前記第2の制御終了条件には、前記変速機の切り替え操作中であることもオア条件として含まれることが好ましい。
前記駆動輪のスリップは、前記駆動輪のロックによるスリップ及び前記駆動輪の空転によるスリップを含むことが好ましい。
前記出力トルク制御手段は、前記スリップ対応値算出手段により算出された前記実スリップ対応値と、前記目標値帯域との差に基づくフィードバック制御(例えば、PID制御)によって前記モータの出力トルクを制御することが好ましい。
本発明のハイブリッド電気自動車の制御装置によれば、駆動輪のスリップが検出されたら、駆動輪のスリップ率又は該スリップ率に対応するパラメータ値であるスリップ対応値の目標値帯域を設定し、実スリップ対応値が目標値帯域になるように少なくともモータの出力トルクを制御するので、応答性のよいモータの出力トルクを利用して駆動輪のスリップ率を適切に制御することができる。
そして、目標スリップ制御中に実スリップ対応値が安定する第1の制御終了条件が成立したら目標スリップ制御を緩やかに終了する。この場合は、目標スリップ制御を実施していることに起因して実スリップ対応値が安定しているので、目標スリップ制御を終了すると実スリップ対応値が再び不安定となる、つまり、駆動輪のスリップが顕著になることが考えられるので、目標スリップ制御を緩やかに終了することによって、このような場合にも対応しやすくなる。
また、ドライバの加速要求中であることをオア条件として含む第2の制御終了条件が成立したら目標スリップ制御を速やかに終了する。目標スリップ制御中であっても、ドライバの加速要求があれば、駆動輪のスリップ抑制よりもドライバの要求トルクを優先して速やかに目標スリップ制御を終了することにより、ドライバビリティの悪化を防ぐことができる。
この場合、目標スリップ制御を速やかに終了した結果、再び駆動輪のスリップが増大することが考えられるが、ドライバの加速要求がなくなれば再び目標スリップ制御を実施し、一方、駆動輪のスリップが増大しても敢えてドライバの加速要求が続けば、ドライバの加速意思を尊重し、目標スリップ制御は実施しない。
車両のアクセルペダル踏込状態に基づいてドライバの加速要求を判定すると、ドライバの加速要求を速やか且つ適切に判定することができる。

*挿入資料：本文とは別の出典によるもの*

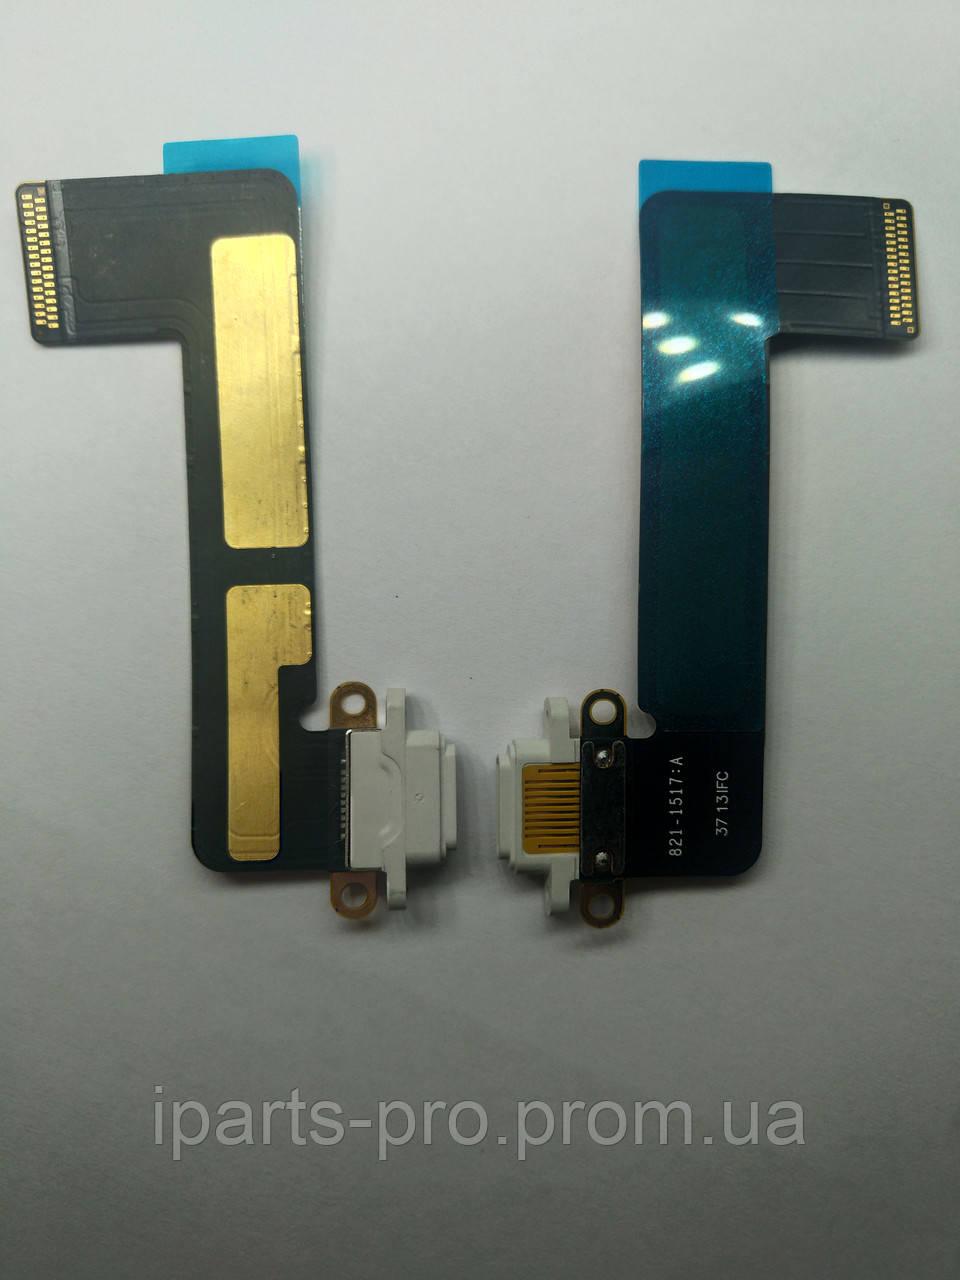 Шлейф для iPad mini Charge БЕЛЫЙ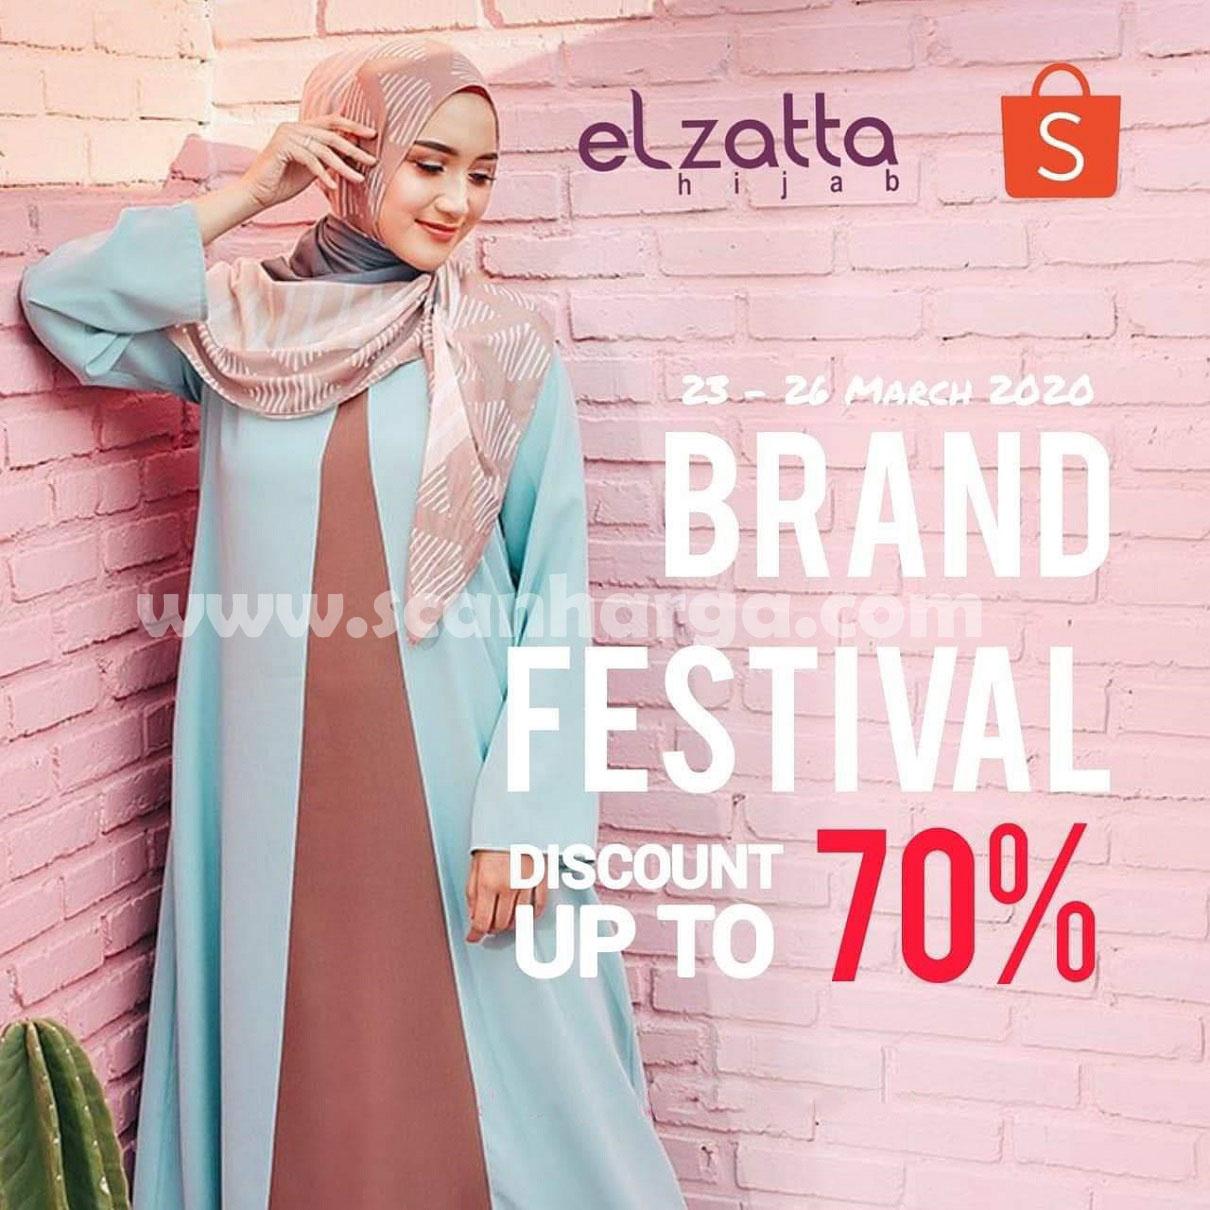 Promo Elzatta Hijab Brand Festival di Shopee Diskon Hingga 70% Periode 23 - 26 Maret 2020

また、第1の制御終了条件を、実スリップ対応値が目標値帯域内にある状態が予め設定された時間継続することとすれば、スリップ対応値の安定を適切に判定することができる。
第2の制御終了条件に、変速機の切り替え操作中であることもオア条件として含めれば、変速機の切り替え操作中には速やかに目標スリップ制御が終了され、変速機の切り替え操作を支障なく行なうことができる。
また、走行駆動源の出力トルク制御に、実スリップ対応値と目標値との差に基づくフィードバック制御(例えば、PID制御)を用いることにより、モータの出力トルクを適切に制御することができる。
本発明の一実施形態にかかるハイブリッド電気自動車の動力系及びその制御装置の構成図である。 本発明の一実施形態にかかるロックスリップ率(スリップ対応値)の特性及びその目標値を説明するグラフである。 本発明の一実施形態にかかる空転スリップ率(スリップ対応値)の特性及びその目標値を説明するグラフである。 本発明の一実施形態にかかる制御を説明するフローチャートである。
以下、図面を用いて本発明の実施形態を説明する。
図1は本実施形態にかかるハイブリッド電気自動車の動力系及びその制御装置の構成図、図2は本制御装置のブロック図、図3は本制御にかかるスリップ率の特性及びその目標値を説明するグラフ、図4はその制御を説明するフローチャートである。これらの図を参照して説明する。
〔動力系の構成〕
まず、本実施形態にかかる制御装置が適用されるハイブリッド電気自動車の動力系の構成を説明する。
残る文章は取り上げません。